Top of Material provided
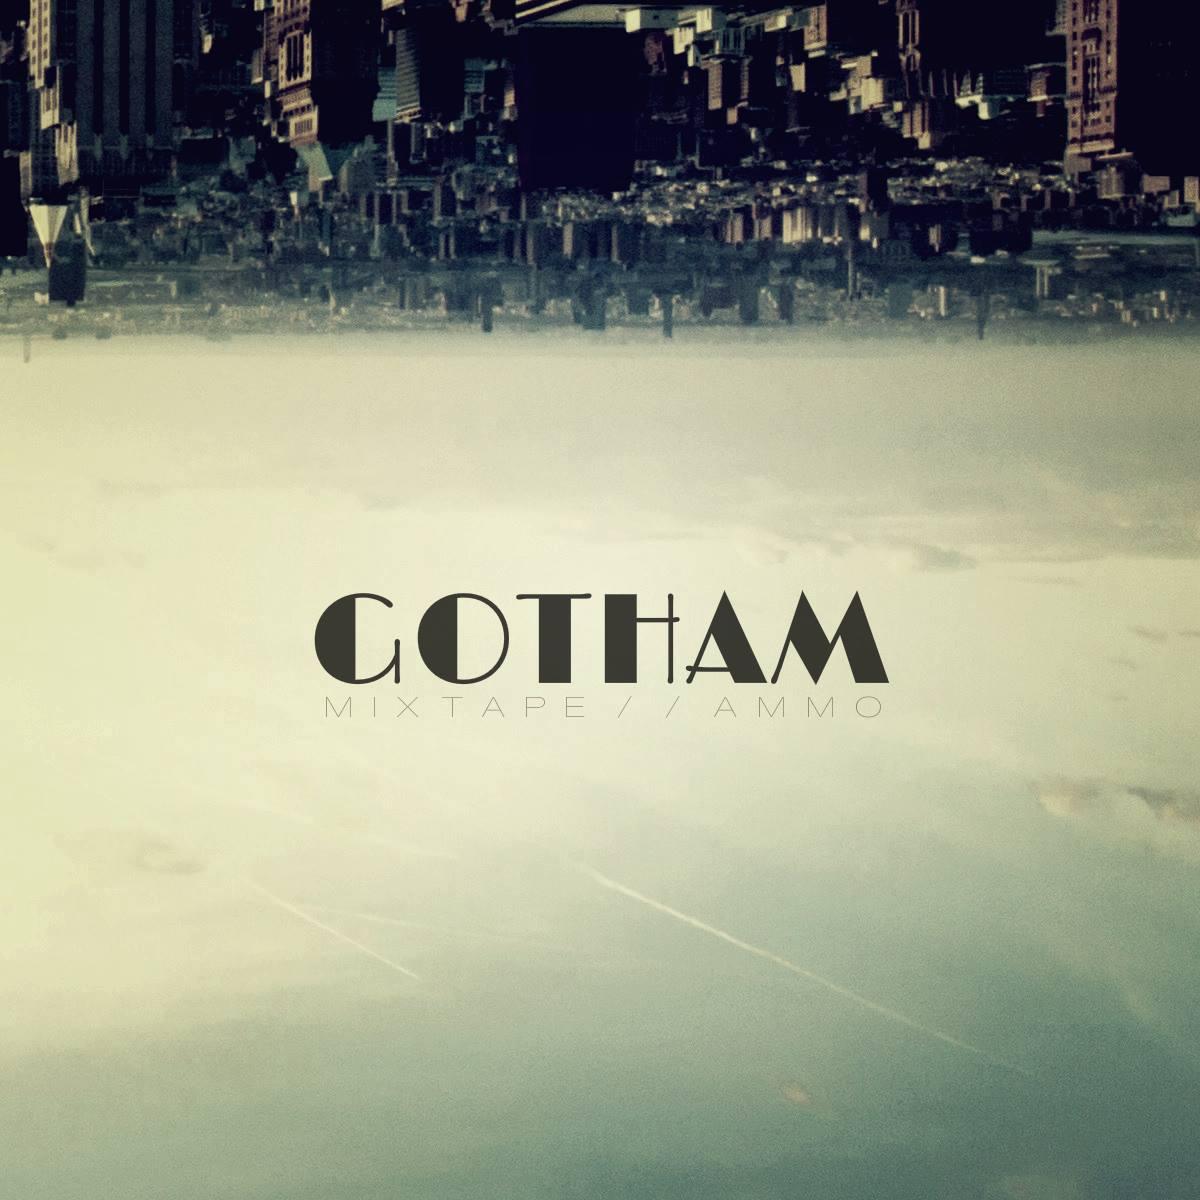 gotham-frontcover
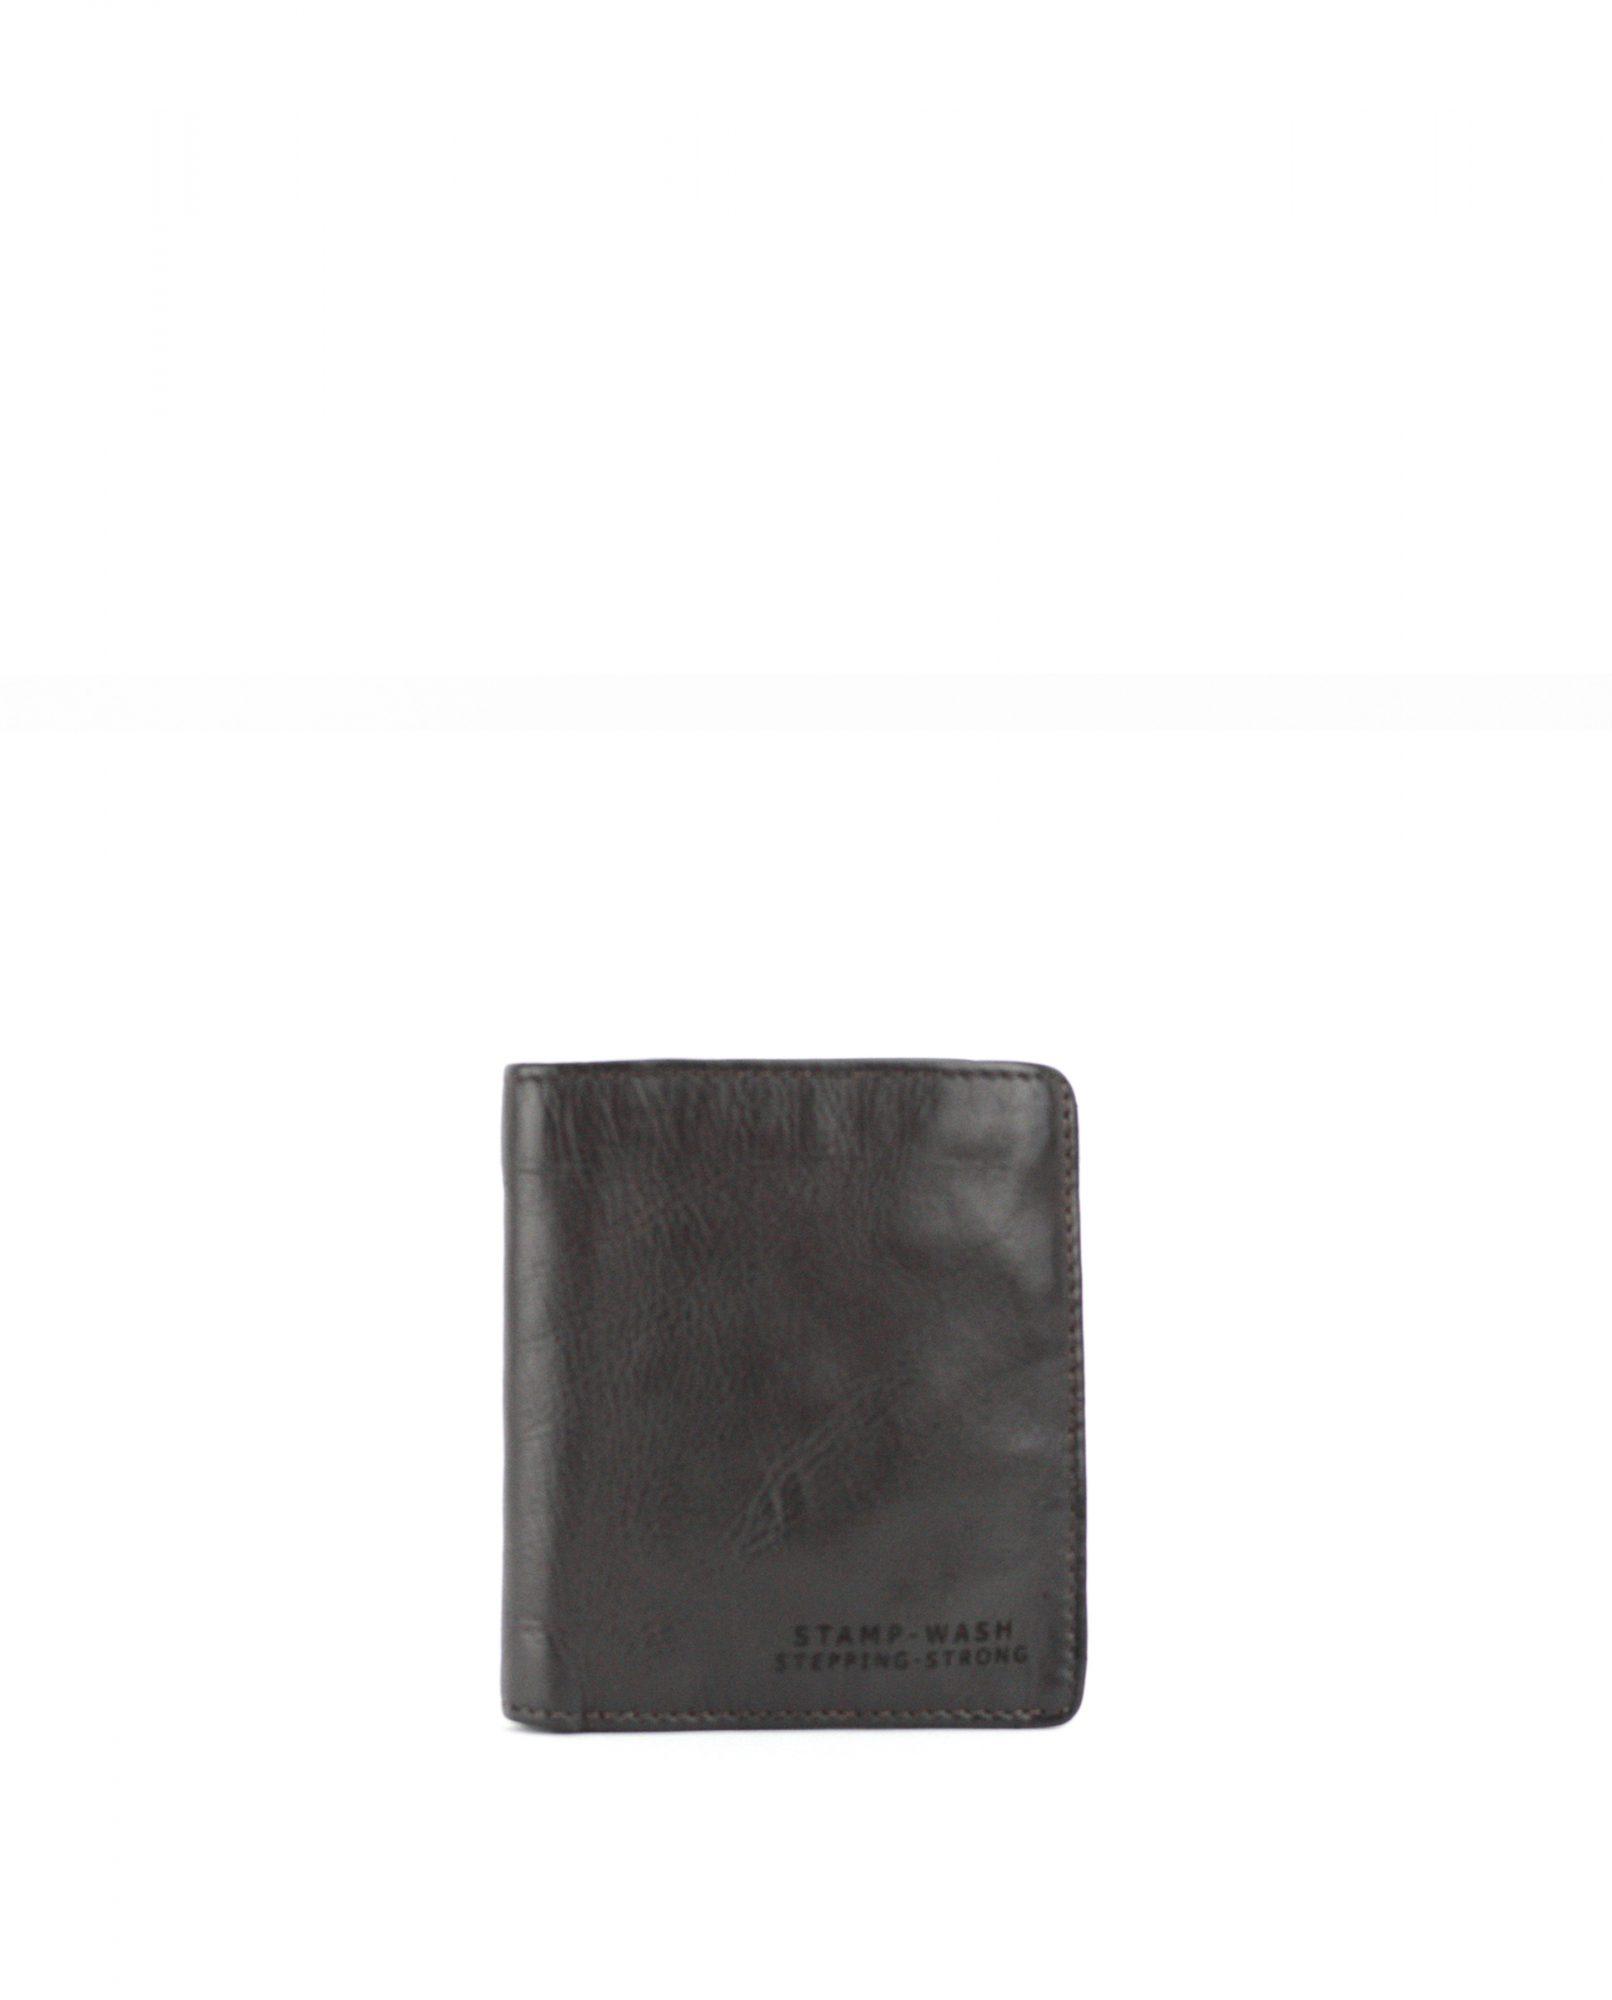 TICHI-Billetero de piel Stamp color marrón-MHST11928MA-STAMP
Bottom of Material provided
Top of Material provided
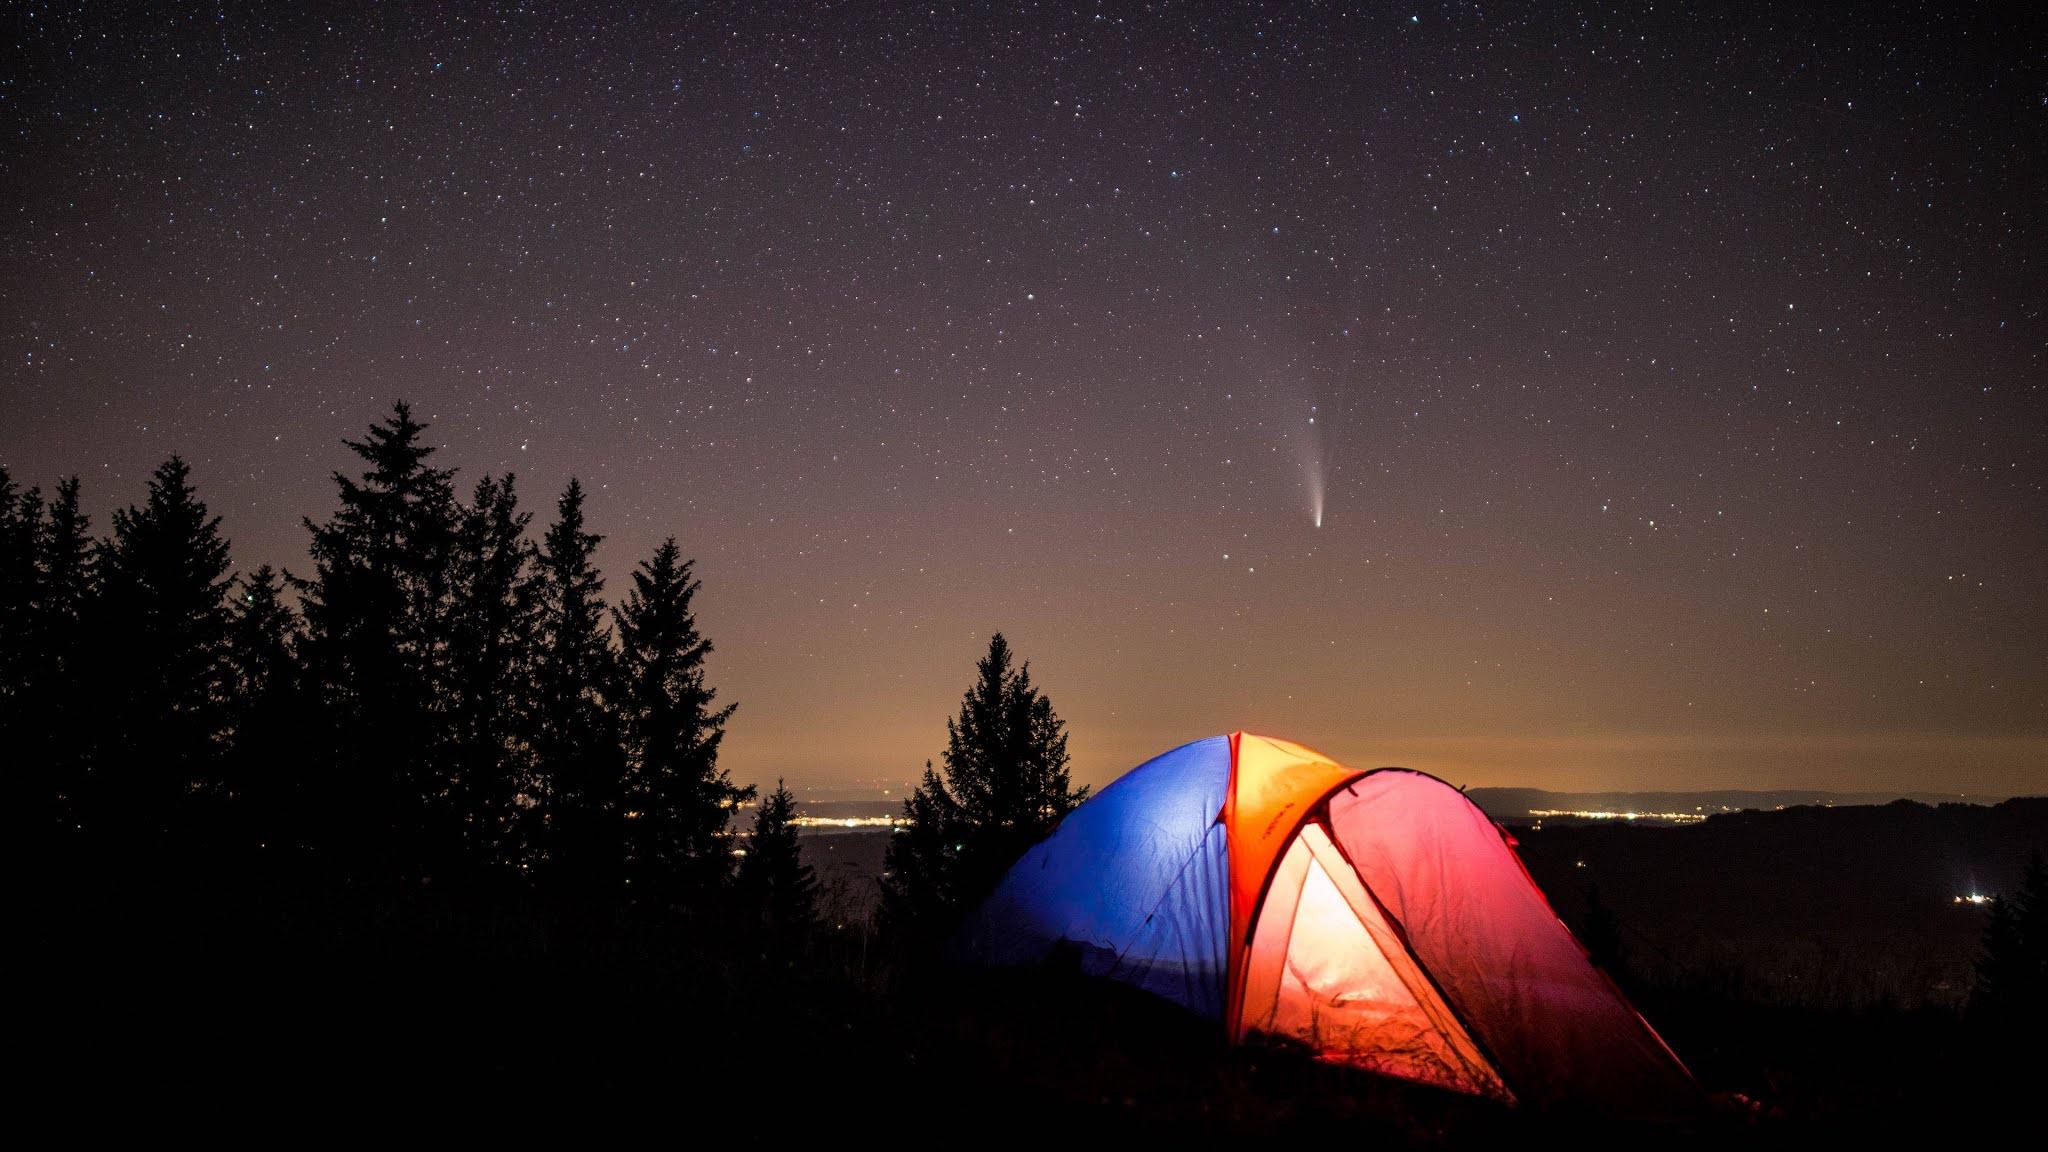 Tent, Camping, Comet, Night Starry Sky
Bottom of Material provided
**Assigned task**
In the entries above, find the line containing "gotham-frontcover" and the line containing "TICHI-Billetero de piel"; give again exactly those two lines and every line between them, minus the pictures.

**Reply to the exercise**
 gotham-frontcover
 TICHI-Billetero de piel Stamp color marrón-MHST11928MA-STAMP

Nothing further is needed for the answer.